The African American who enlightened Thomas Edison

Profile history on Lewis H. Latimer, the African-American Renaissance man who in the late 19th century helped not only invent the lightbulb, but also create the electric industry as we know it today.

The light bulb itself was invented by Thomas Edison, but the innovation used to create longer-lasting light bulbs with a carbon filament came from African American inventor Lewis Latimer.

Latimer, the son of formerly enslaved people, began work in a patent law firm after serving in the military for the Union during the Civil War. 

He was recognized for his talent drafting patents and was promoted to head draftsman, where he co-invented an improved bathroom for railroad trains.

Yes, it’s common knowledge that Thomas Edison was the lightbulb’s inventor. And the electric industry won’t let us forget that however, it is easy to forget the man without whom that light bulb would not stay lit for long:

It’s a bit generous to credit all of this to “one man’s vision.” There were competing visions all throughout the 1800s on how to efficiently distribute light, beyond a candle, and on how to power growing urban centers.

Populations in northern American cities began exploding in the closing decades of the 19th century not only because of immigration from Europe but also because of migrating African Americans emancipated from slavery.

Edison gets technical credit for patenting the first “practical incandescent” lightbulb during this time, and also, as the Edison Electric Institute (EEI) reminds us, creating the first electric light power station.

But while Edison got the patent on those, he got there with a lot of help from Latimer, who literally wrote the book on both.

Latimer’s Incandescent Electric Lighting: A Practical Description of the Edison System is a bit more deferential to Edison than perhaps necessary.

That was likely a reflection of the times when big ideas couldn’t possibly be ascribed to non-white people, especially when the burgeoning eugenics movement was considered serious science. But Latimer had already been involved in a major invention, having helped Alexander Graham Bell patent the telephone in 1876.

In 1880, Latimer began working for the United States Electric Lighting Company, which was run by Edison’s rival Hiram S. Maxim.

biography on EEI’s site states that while working for Maxim, “Latimer invented and patented a process for making carbon filaments for light bulbs,” and helped install broad-scale lighting systems for New York City, Philadelphia, Montreal, and London.

Latimer holds the patents for the electric lamp, issued in 1881, and for the “process of manufacturing carbons” (the filament used in incandescent light bulbs), issued in 1882. It was roughly 1885 when he finally joined forces with Edison and began improving upon his boss’s invention.

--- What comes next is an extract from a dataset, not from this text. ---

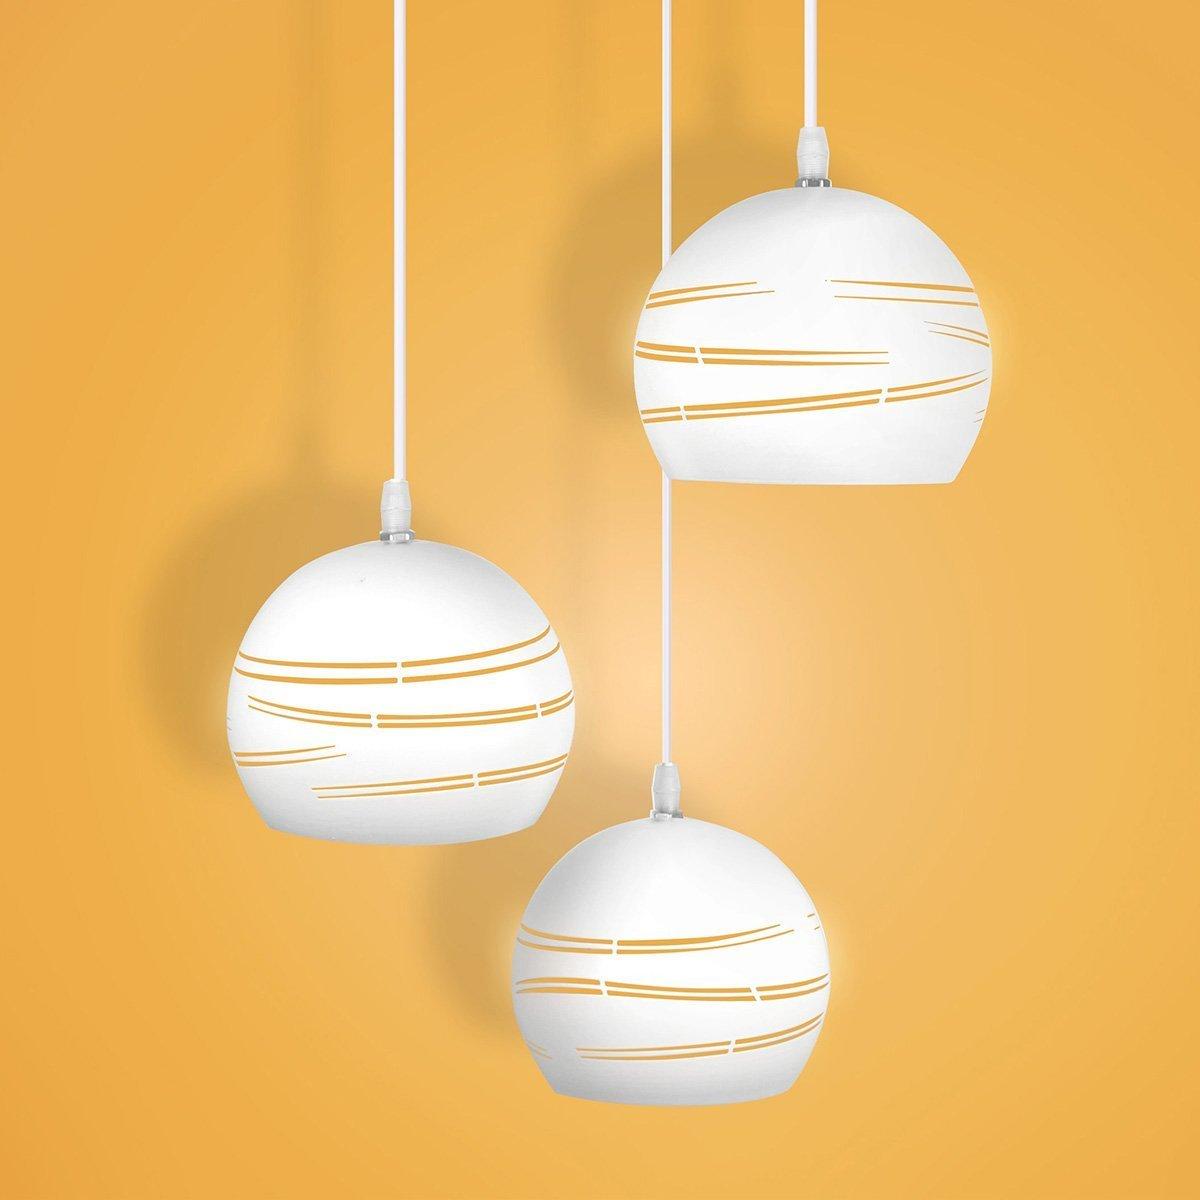 Modernes Hängendes Der Licht Esszimmer Der Hängendes Wand Küchenlampe Hohle Einfache Linien Stil Mit 3 Einstellbar Licht AC 85-265V, LED Birne Pendelleuchte Beleuchtung Leuchte Innen Metall Hängeleuchte Wohnzimmer 3b4507
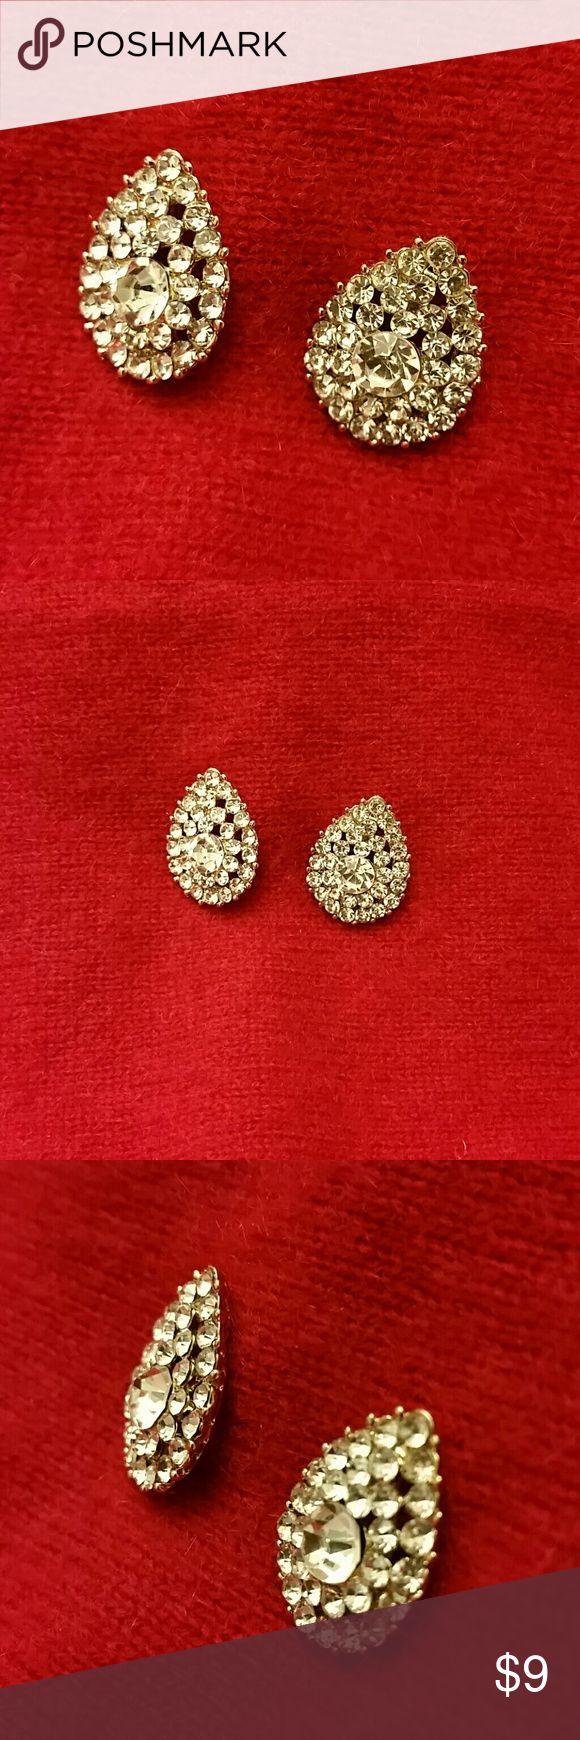 """Ellen Tracy earrings Beautiful gold tone/rhinestone earrings measure about 1/2""""'wide x 3/4"""" high. NEVER WORN...NWOT Ellen Tracy Jewelry Earrings"""

Latimer had no formal training in science, but believed technology and innovation could help advance the plight of African Americans still reeling from slavery. That whole “STEM will save people of color!” Cause is nothing new.

The important thing, though, is that unlike peers like Booker T. Washington, he didn’t believe that simply learning a trade or two would be black people’s ticket to freedom.

He understood how power worked structurally to disenfranchise and disempower black people, immigrants, and the poor in general. This is evidenced in both the prose and poetry he wrote during his time about electricity and society.

“The lamp embodied the relationship of art and science, and its improvement promised benefits for all classes of society,” wrote Bayla Singer, a professor at Rutgers University, in an article on Latimer and his work. “The electric light was a cause well worth serving. All of Latimer’s inventions, patented and unpatented, relate to improving the quality of life.”

His aforementioned book Incandescent Electric Lighting demonstrates an understanding of how the new technology could bring electricity to those who previously couldn’t afford it.

On the electric lamp he wrote, “Like the light of the sun, it beautifies all things on which it shines, and is no less welcome in the palace than in the humblest home.”

And yet his book’s preface notes how this new industry he and Edison were creating was admittedly shifting society from one of independent or localized power to a more centralized version:

Still, we haven’t seen EEI and its members step outside their silos to show support for causes to improve the lives of people of color beyond their electric bills.

Rather, we see them peddling resolutions that appear to be ghostwritten by the American Legislative Exchange Council, a group behind controversial policies like “stand your ground” laws, which have been blamed for the death of the unarmed, black teenager Trayvon Martin.

Latimer likely would’ve been disappointed in these stances and alliances. For all of his passion for scientific innovation, he didn’t neglect racial justice. In a letter he wrote in 1895 in support of the National Conference of Colored Men, a “My Brother’s Keeper”-like initiative for that time, Latimer wrote:

If our cause be made the common cause, and all our claims and demands be founded on justice and humanity, recognizing that we must wrong no man in winning our rights, I have faith to believe that the Nation will respond to our plea for equality before the law, security under the law, and an opportunity, by and through maintenance of the law, to enjoy with our fellow citizens of all races and complexions the blessings guaranteed us under the Constitution.

That’s what we’d call true enlightenment.